WHAT TO DO: Everything in the data below except the pictures must be repeated word for word.

RECORDED INFORMATION:
******

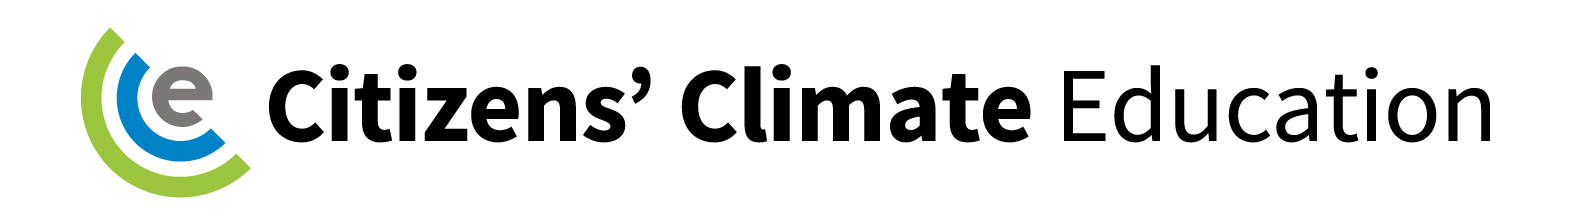 Citizens' Climate Education logo
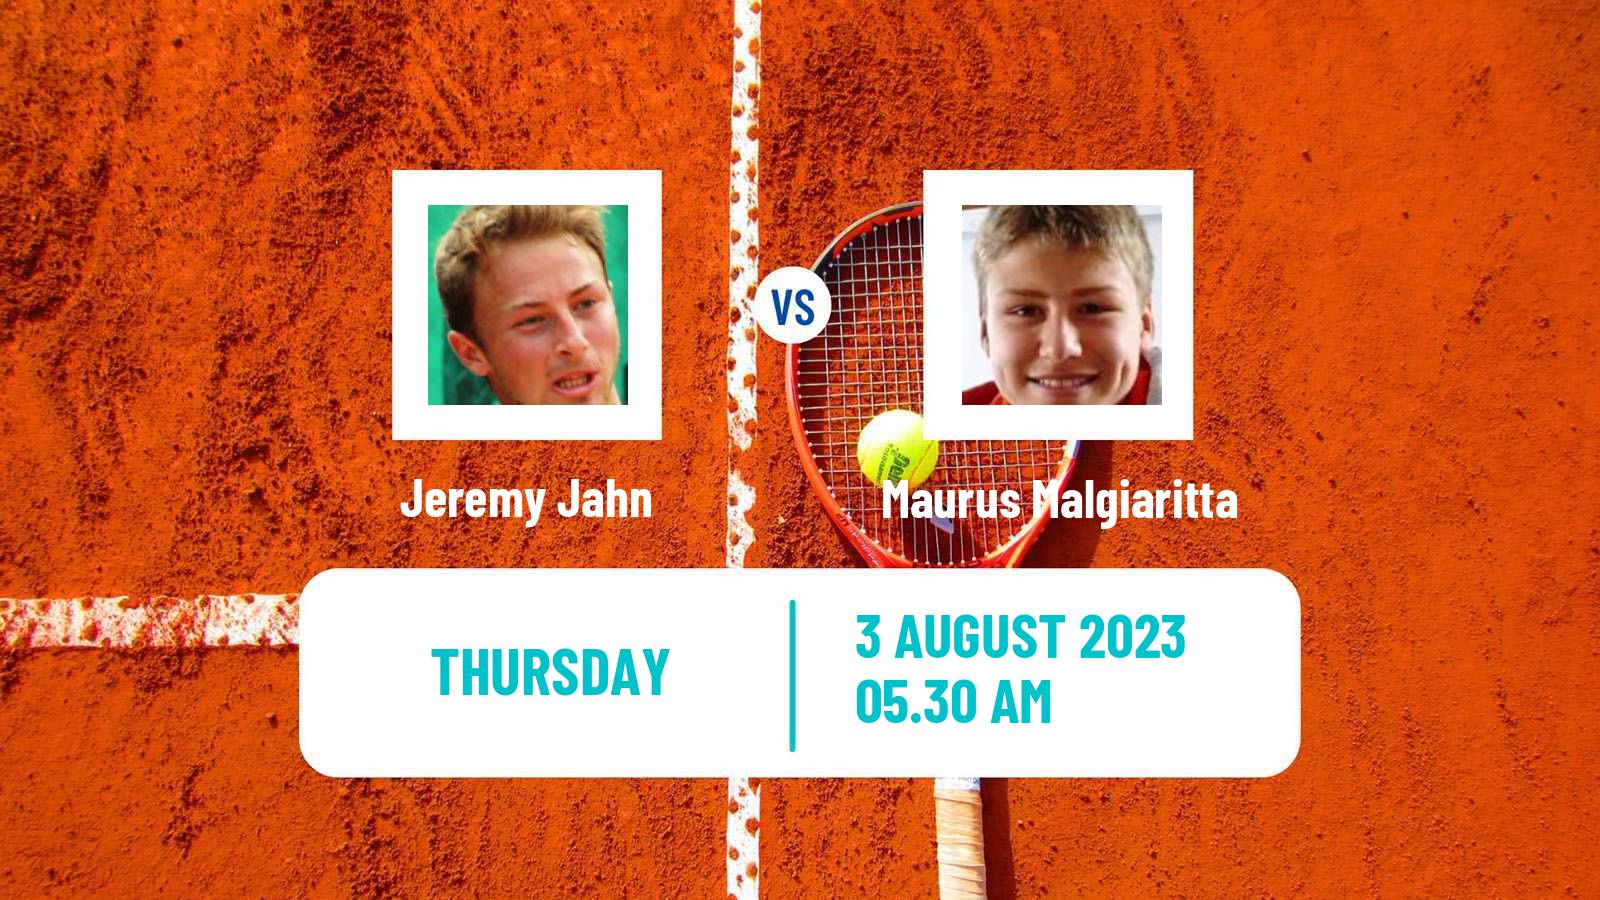 Tennis ITF M25 Bolzano Men Jeremy Jahn - Maurus Malgiaritta
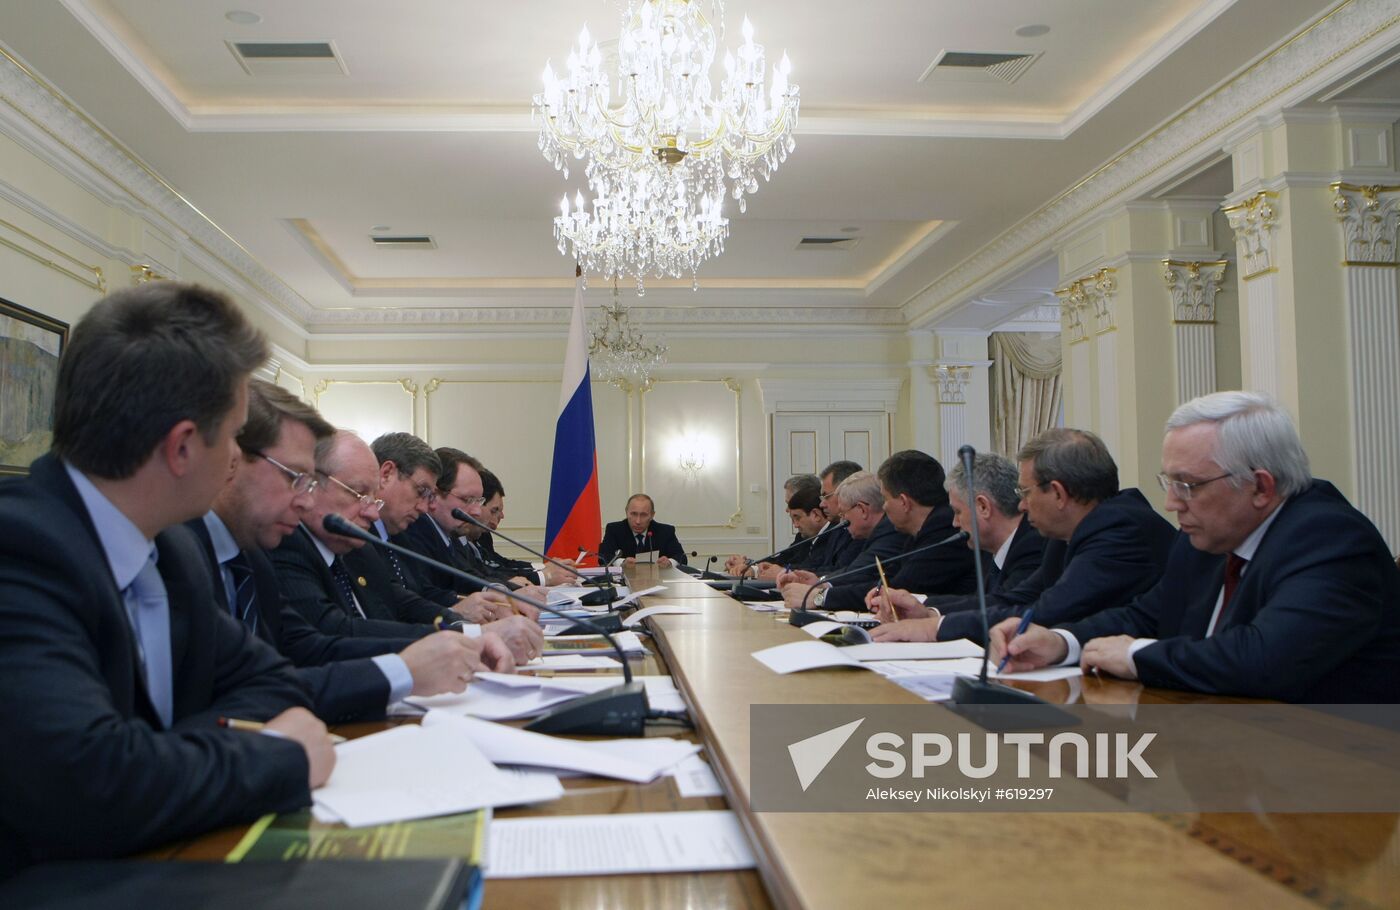 Vladimir Putin chairs meeting on Glonass navigation system
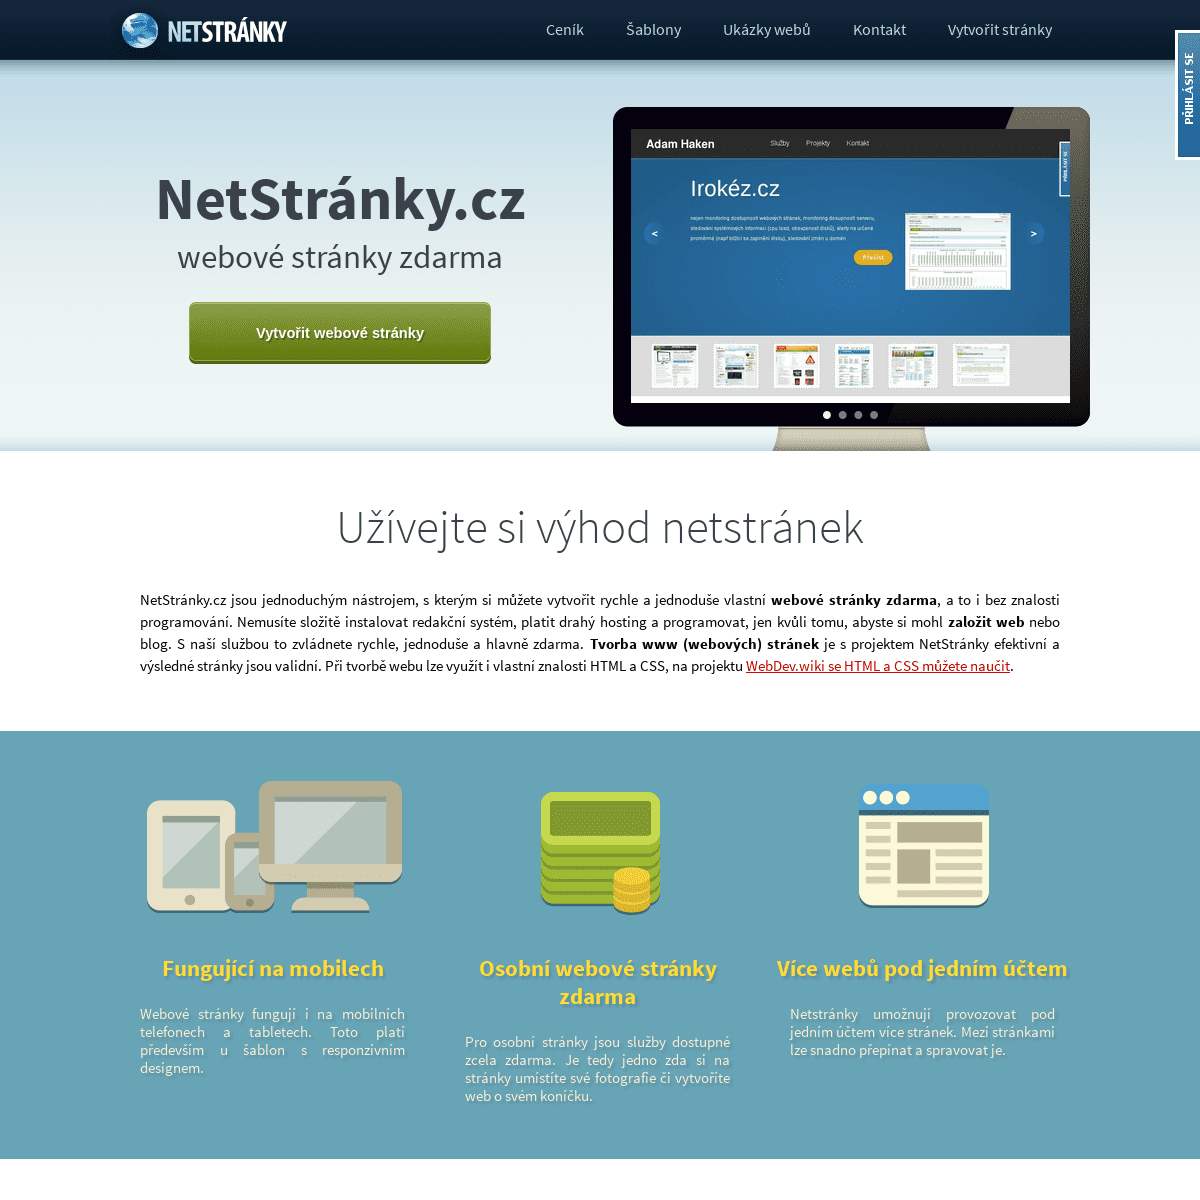 A complete backup of netstranky.cz

******

REPLY TO THE TASK:
 Citizens' Climate Education logo
 Tennis ITF M25 Bolzano Men Jeremy Jahn - Maurus Malgiaritta
 Vladimir Putin chairs meeting on Glonass navigation system
 A complete backup of netstranky.cz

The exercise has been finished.